Kahan se late ho ye sab? I ask the lady.

Jungle se chunte hain. Hiran ke pet se nabhi gir jaata hai. Wahi hum uthate hain aur bechate hain. She replies.

Hiran ko marate bhi ho iske liye?

Nahi. Jo gir jaata hai khud-ba-khud wahi uthate hain.

I remember hearing a number of childhood stories where Kasturi Hiran keeps running all over the Jungle in the search of the sweet smell that surrounds it, but is never able to find the source of it, which in fact lies not outside it, but inside. This is often compared to the search of man for God wherein he keeps looking all over the world, builds temples, mosques, churches, et all for the said purpose and wages bloody battles on those who follow religions different from his own, never realising the fact that God resides inside him and not outside.

But this is for the first time in my life that I am actually holding the body part of the said deer which is responsible for the restlessness of the beautiful creature.

The smell is so great that I am tempted to purchase one for myself. But I am not very sure of her claim that they just pick up those pieces that fall out naturally from its body and do not kill the animal in order to acquire it. Moreover, I am not sure whether the nabhi does fall naturally at all.

Thankfully, no one in my cubicle buys the stuff either.

But wait! The lady has other things to offer as well.
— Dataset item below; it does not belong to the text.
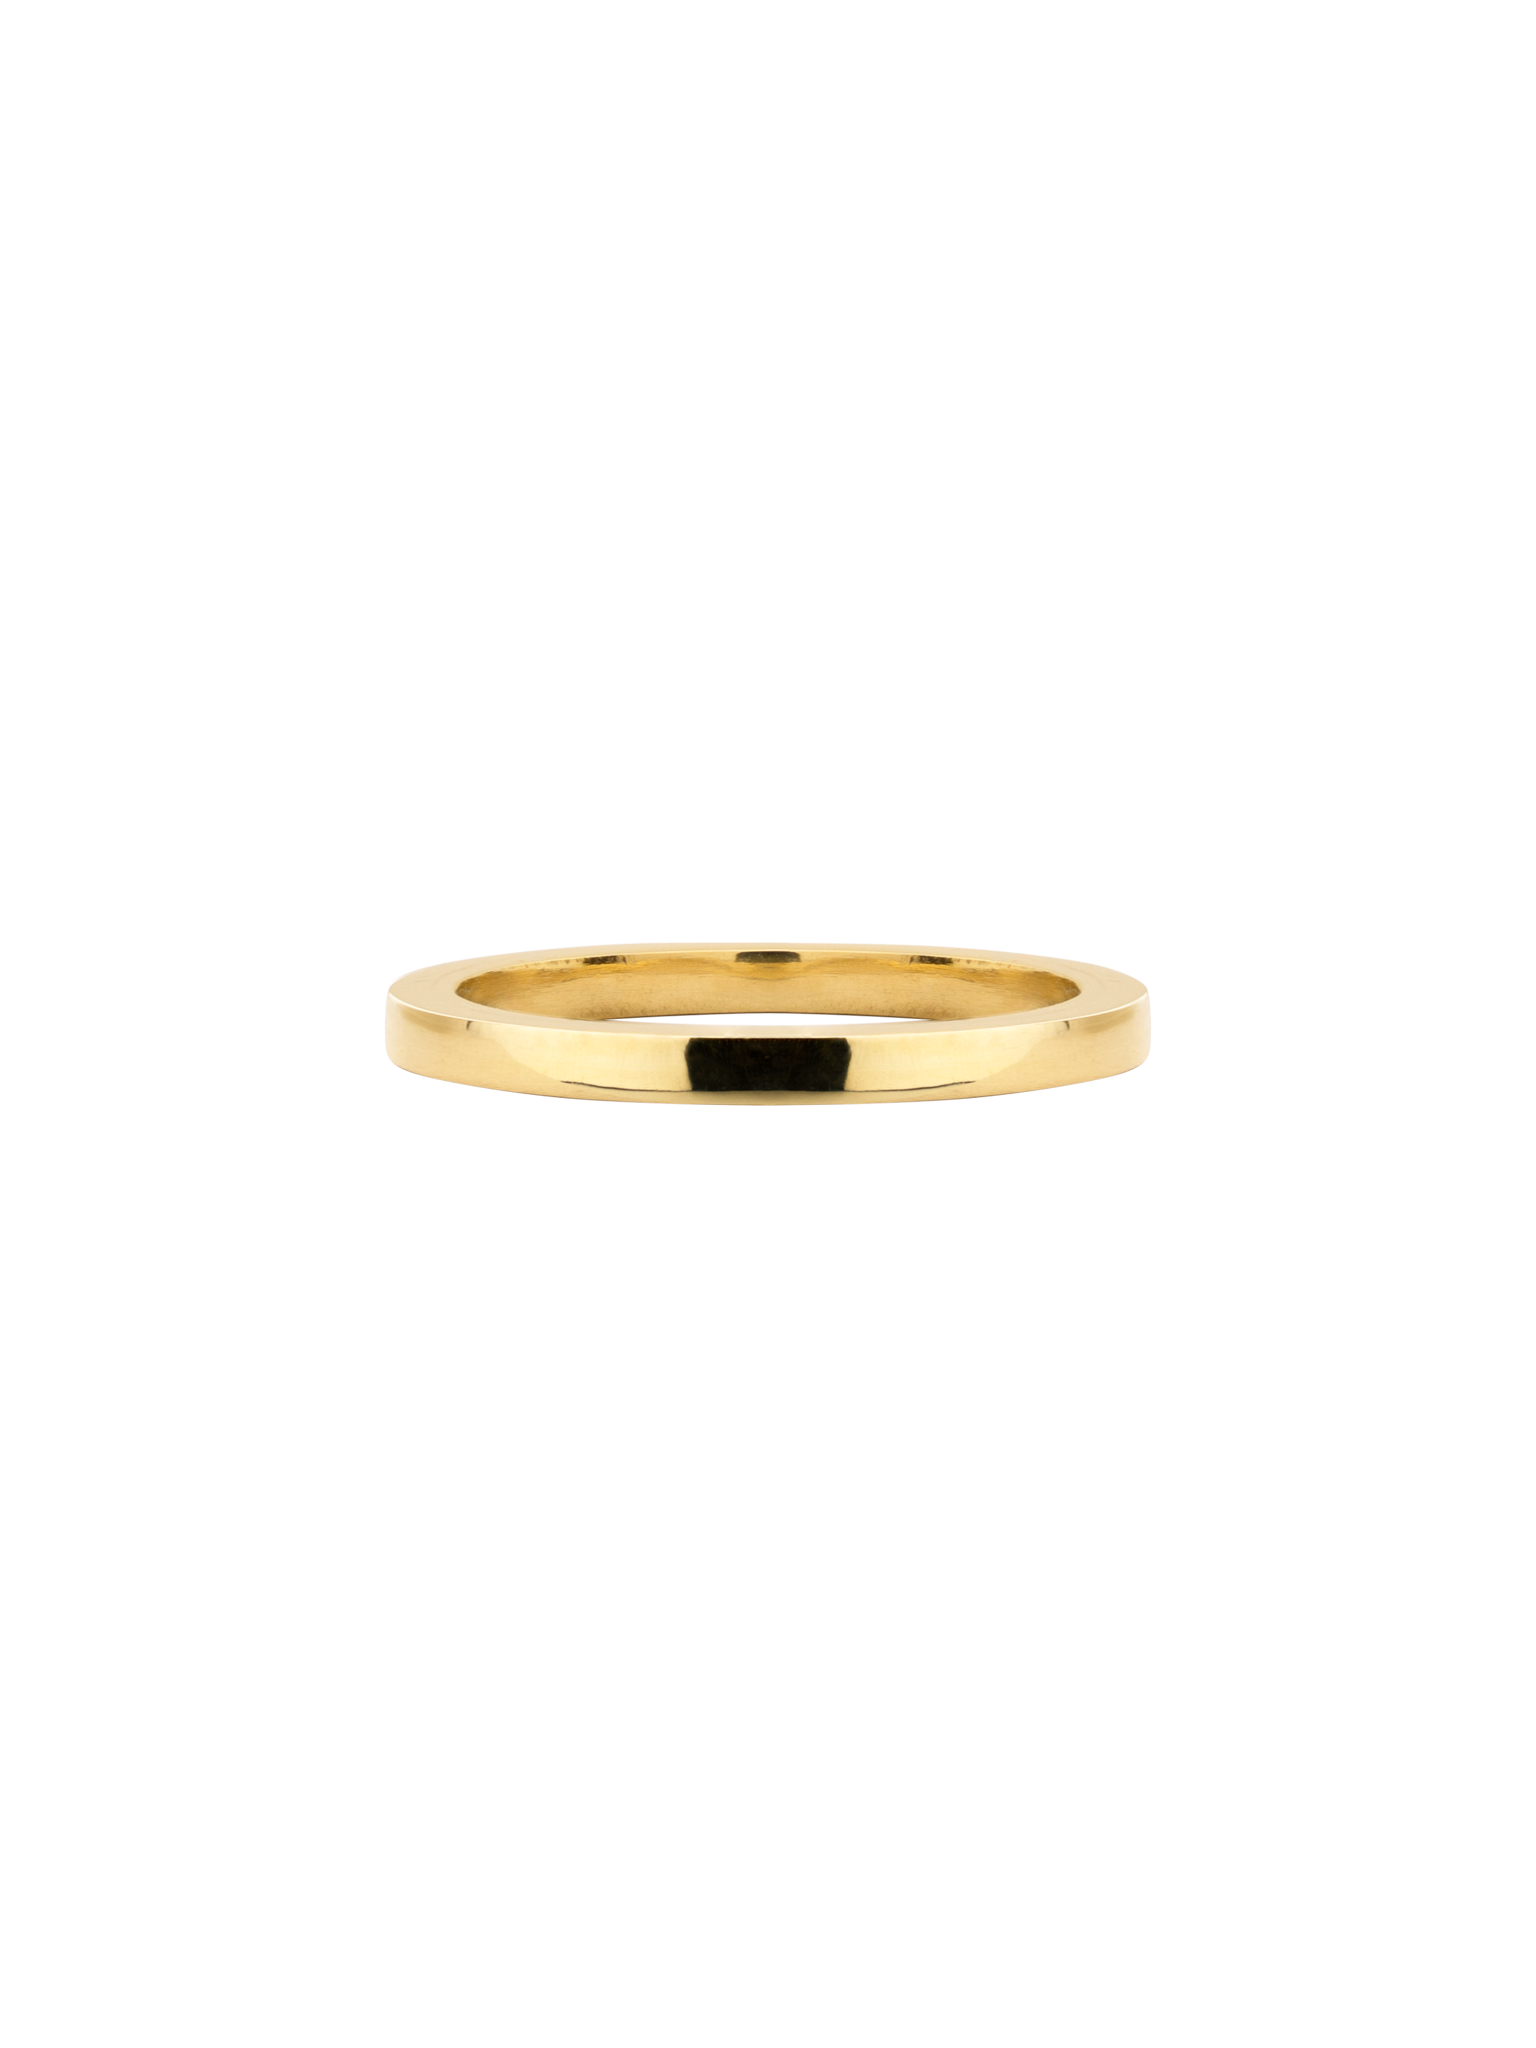 Charlotte gold ring polished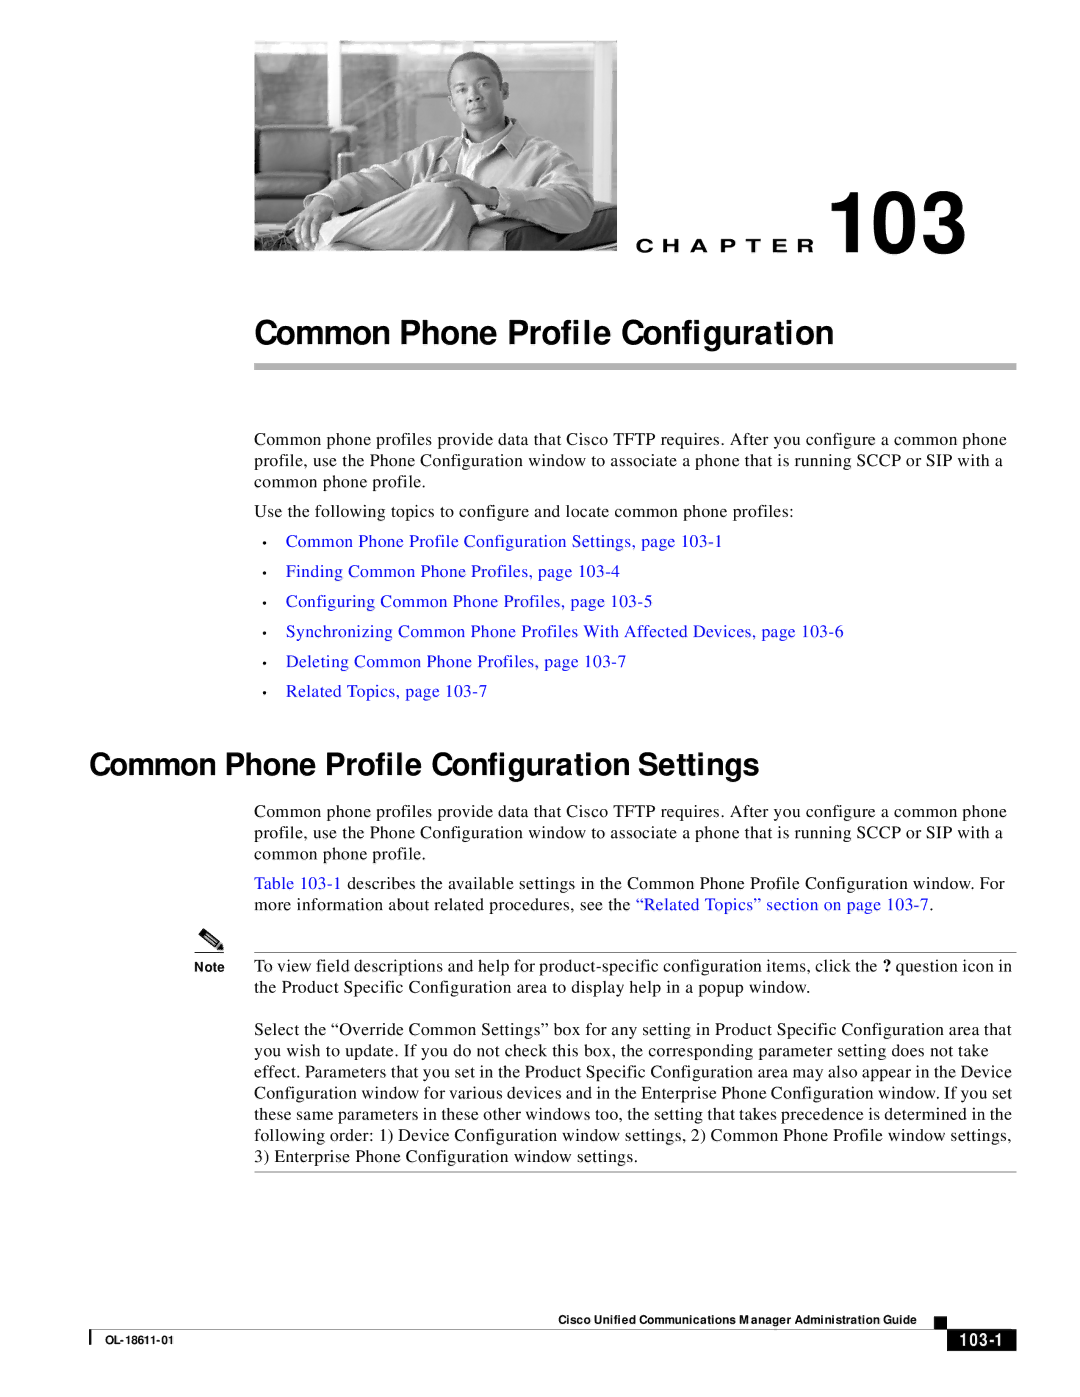 Cisco Systems OL-18611-01 manual Common Phone Profile Configuration Settings, 103-1

She fishes out a small plastic jar from her bag and offers nails of some animal to the public. She claims they are the nails of the lion cubs whom they catch in the jungle, take the nail out from the paw of the baby and then leave it alive. The object that she is offering for Rs. 500 a pair is a single small, very sharp nail covered by soft, brown fur and in order to actually touch the nail, you have to remove the fur that is surrounding it.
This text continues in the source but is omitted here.